EXERCISE AIM → What's needed is the listing below, repeated word for word with no pictures.

GIVEN DATA →
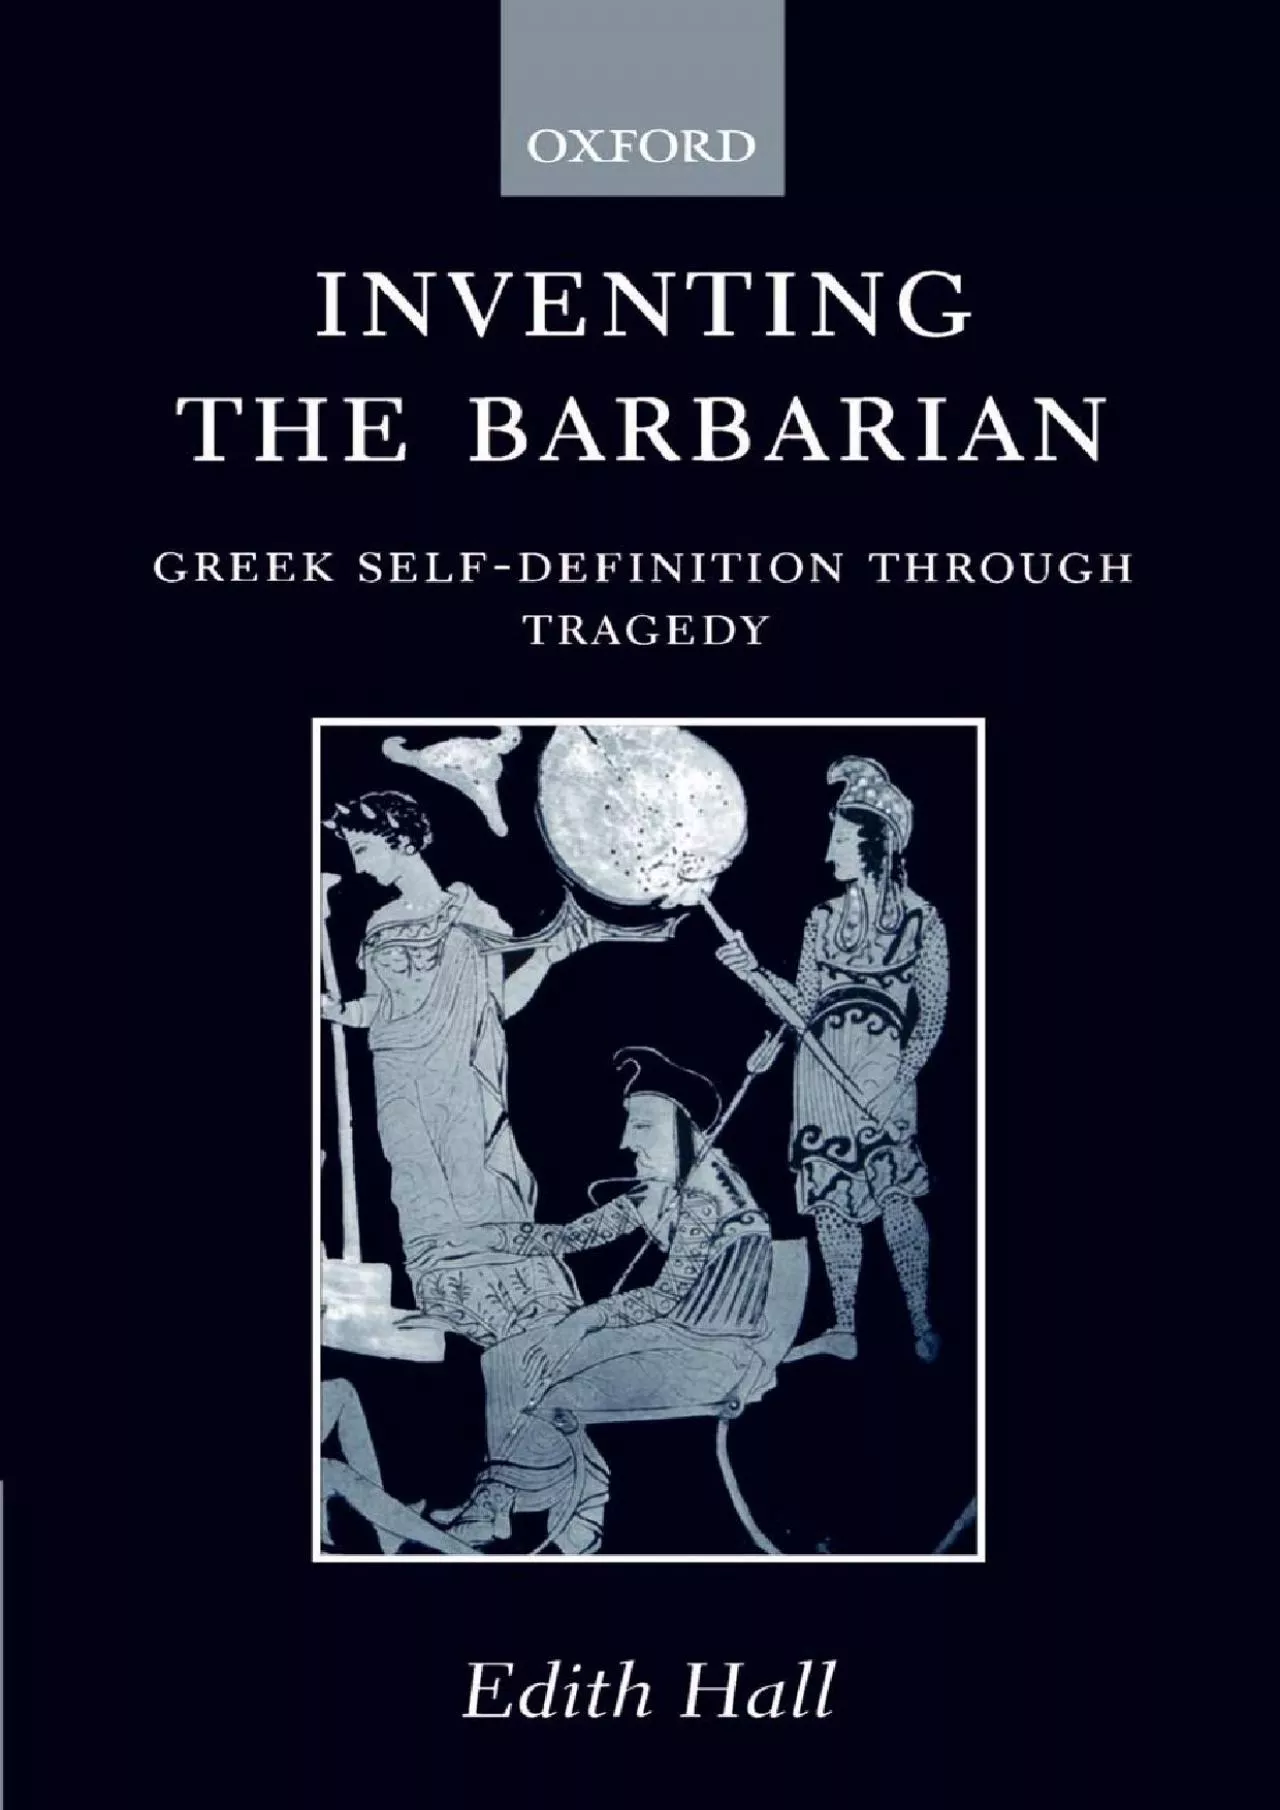 [BOOK]-Inventing the Barbarian: Greek Self-Definition through Tragedy (Oxford Classical
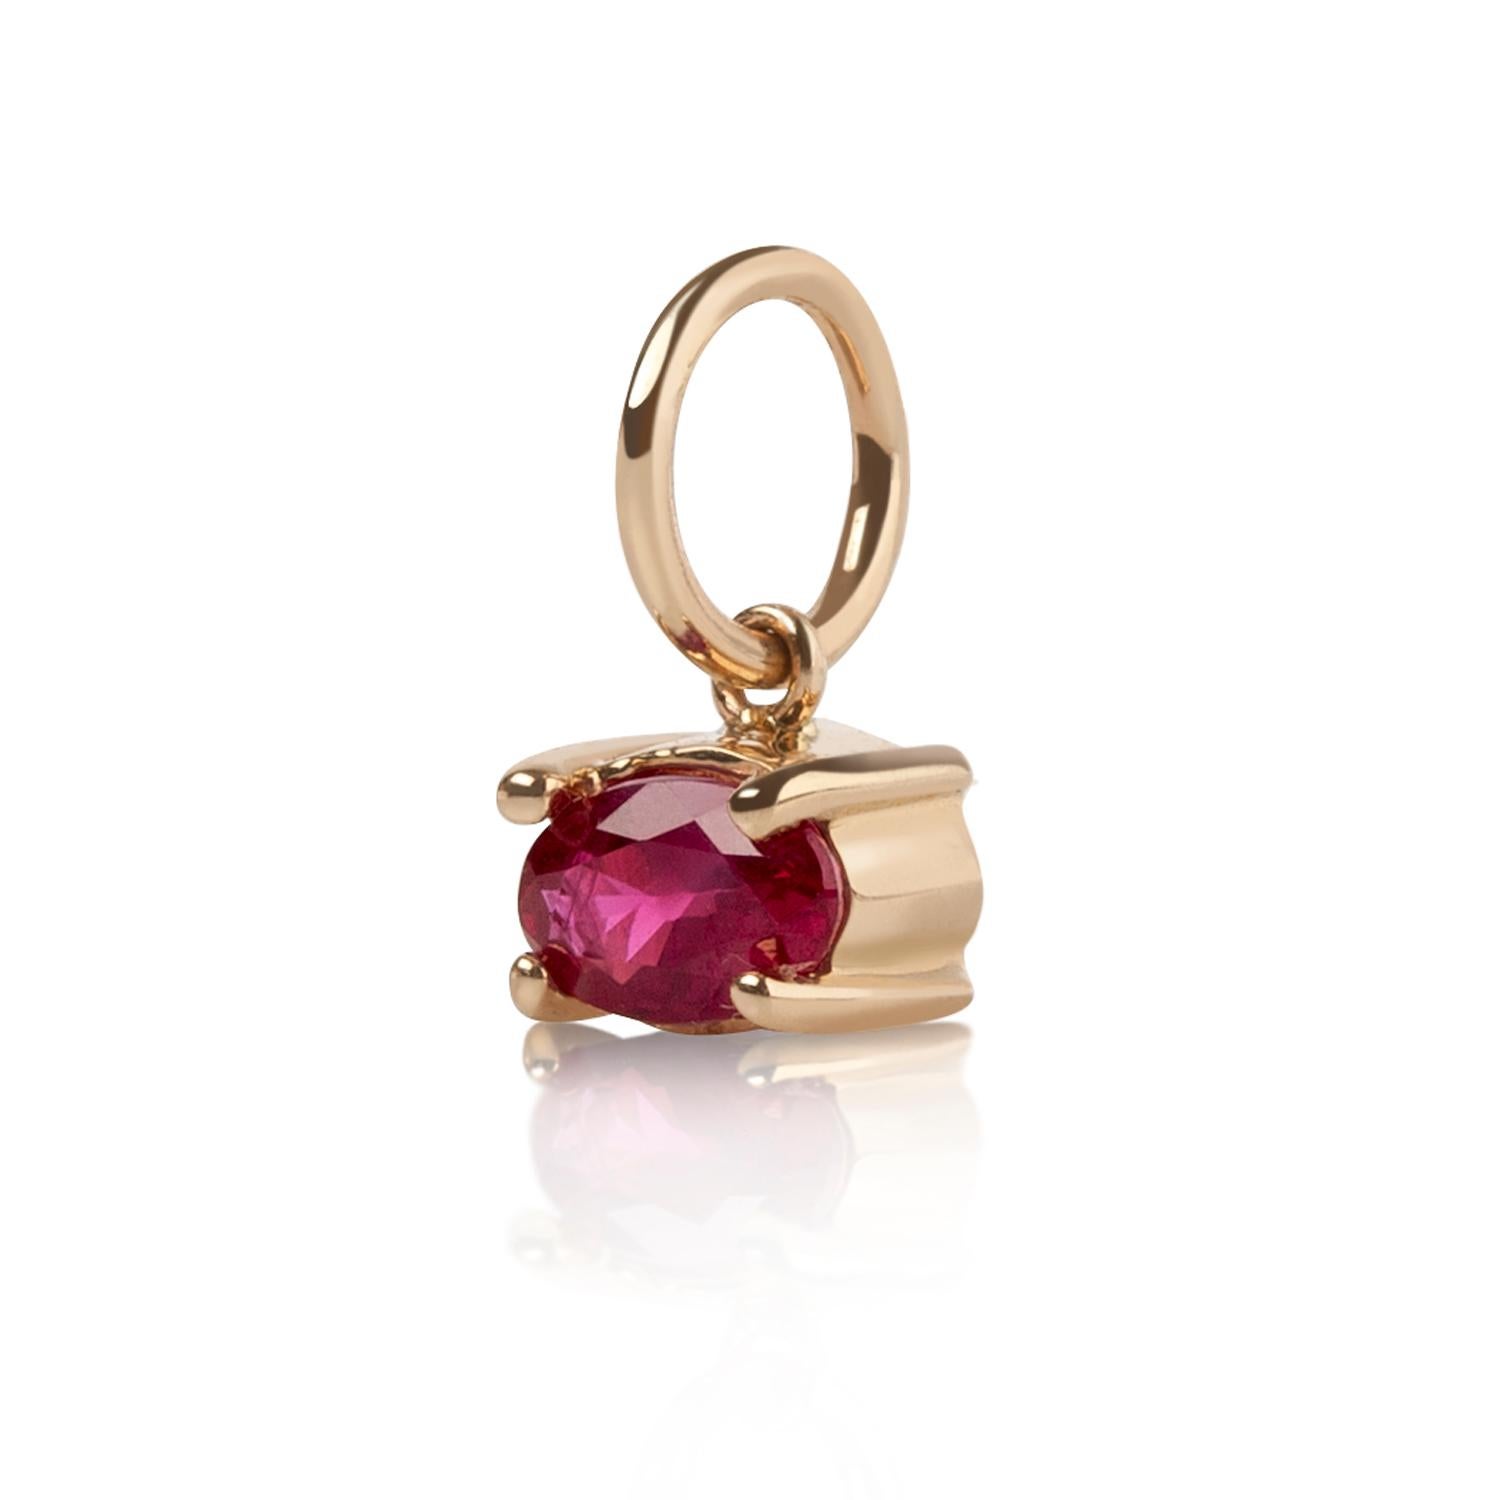 Sweet and bold oval Ruby charm, set with prongs. Add this to our Plaza charm pendant with pink sapphire and create your own personalized charm necklace!

Inspired by seeing the cross-section view of life, as if slicing a tree to see its underlying
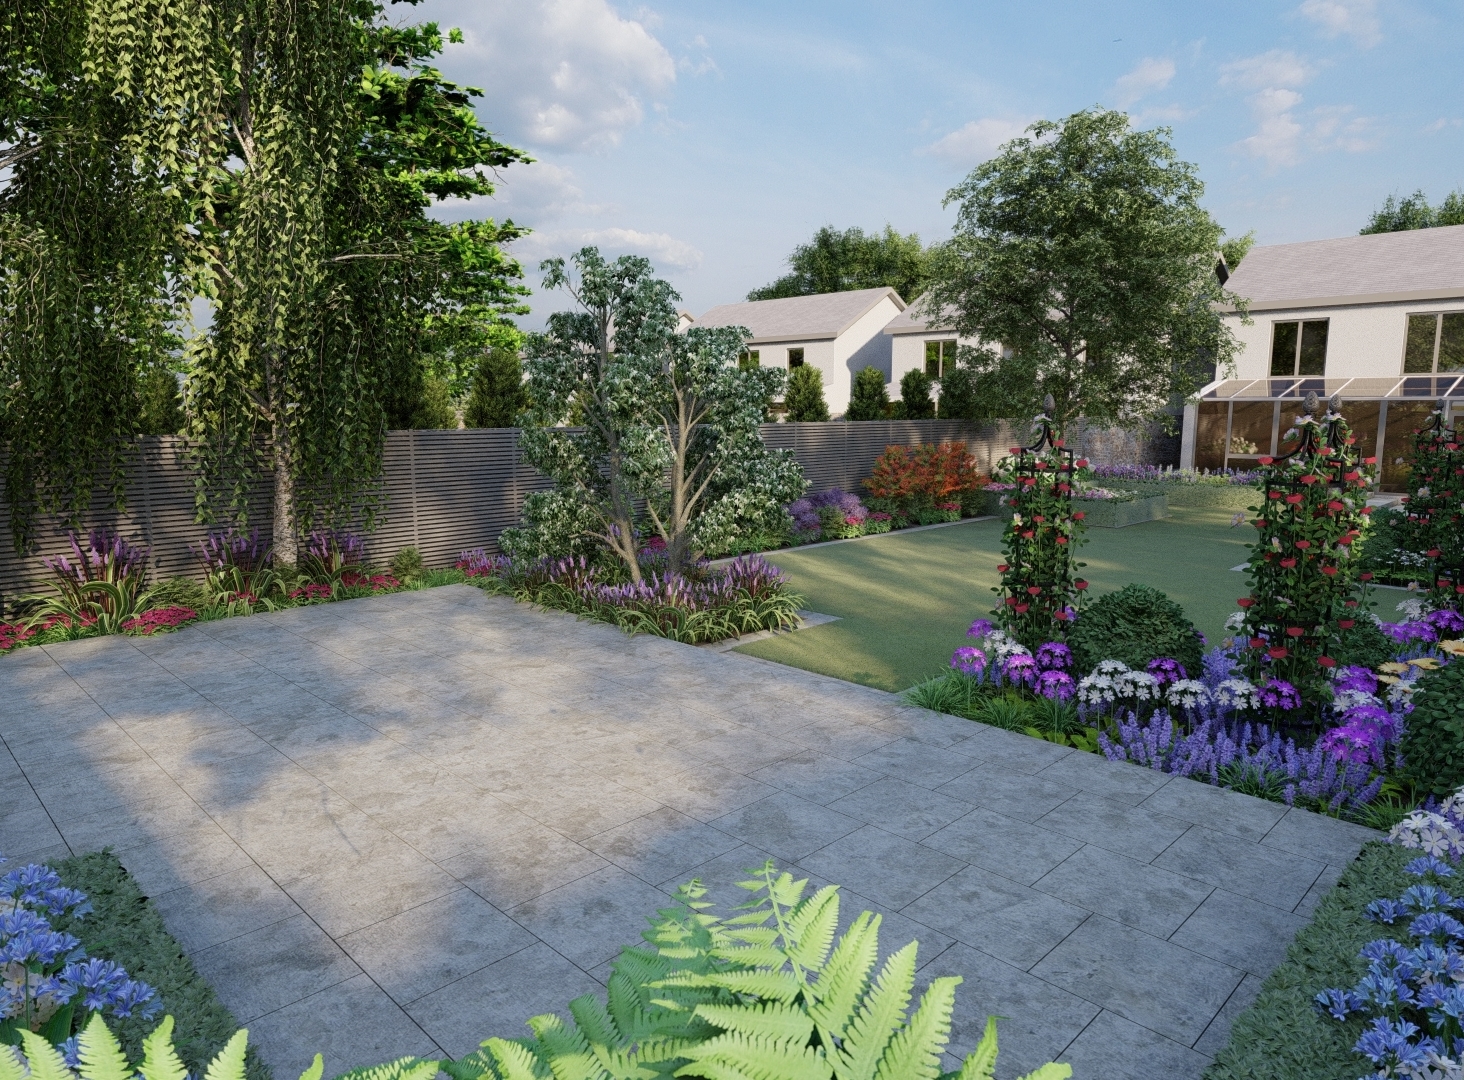 Garden Design Visual for a large Family Gardenin Rathfarnham with raised patio, bespoke fencing and extensive mixed planting borders

EXPECTED OUTPUT →
 [BOOK]-Inventing the Barbarian: Greek Self-Definition through Tragedy (Oxford Classical
 Sweet and bold oval Ruby charm, set with prongs. Add this to our Plaza charm pendant with pink sapphire and create your own personalized charm necklace!

Inspired by seeing the cross-section view of life, as if slicing a tree to see its underlying
 Garden Design Visual for a large Family Gardenin Rathfarnham with raised patio, bespoke fencing and extensive mixed planting borders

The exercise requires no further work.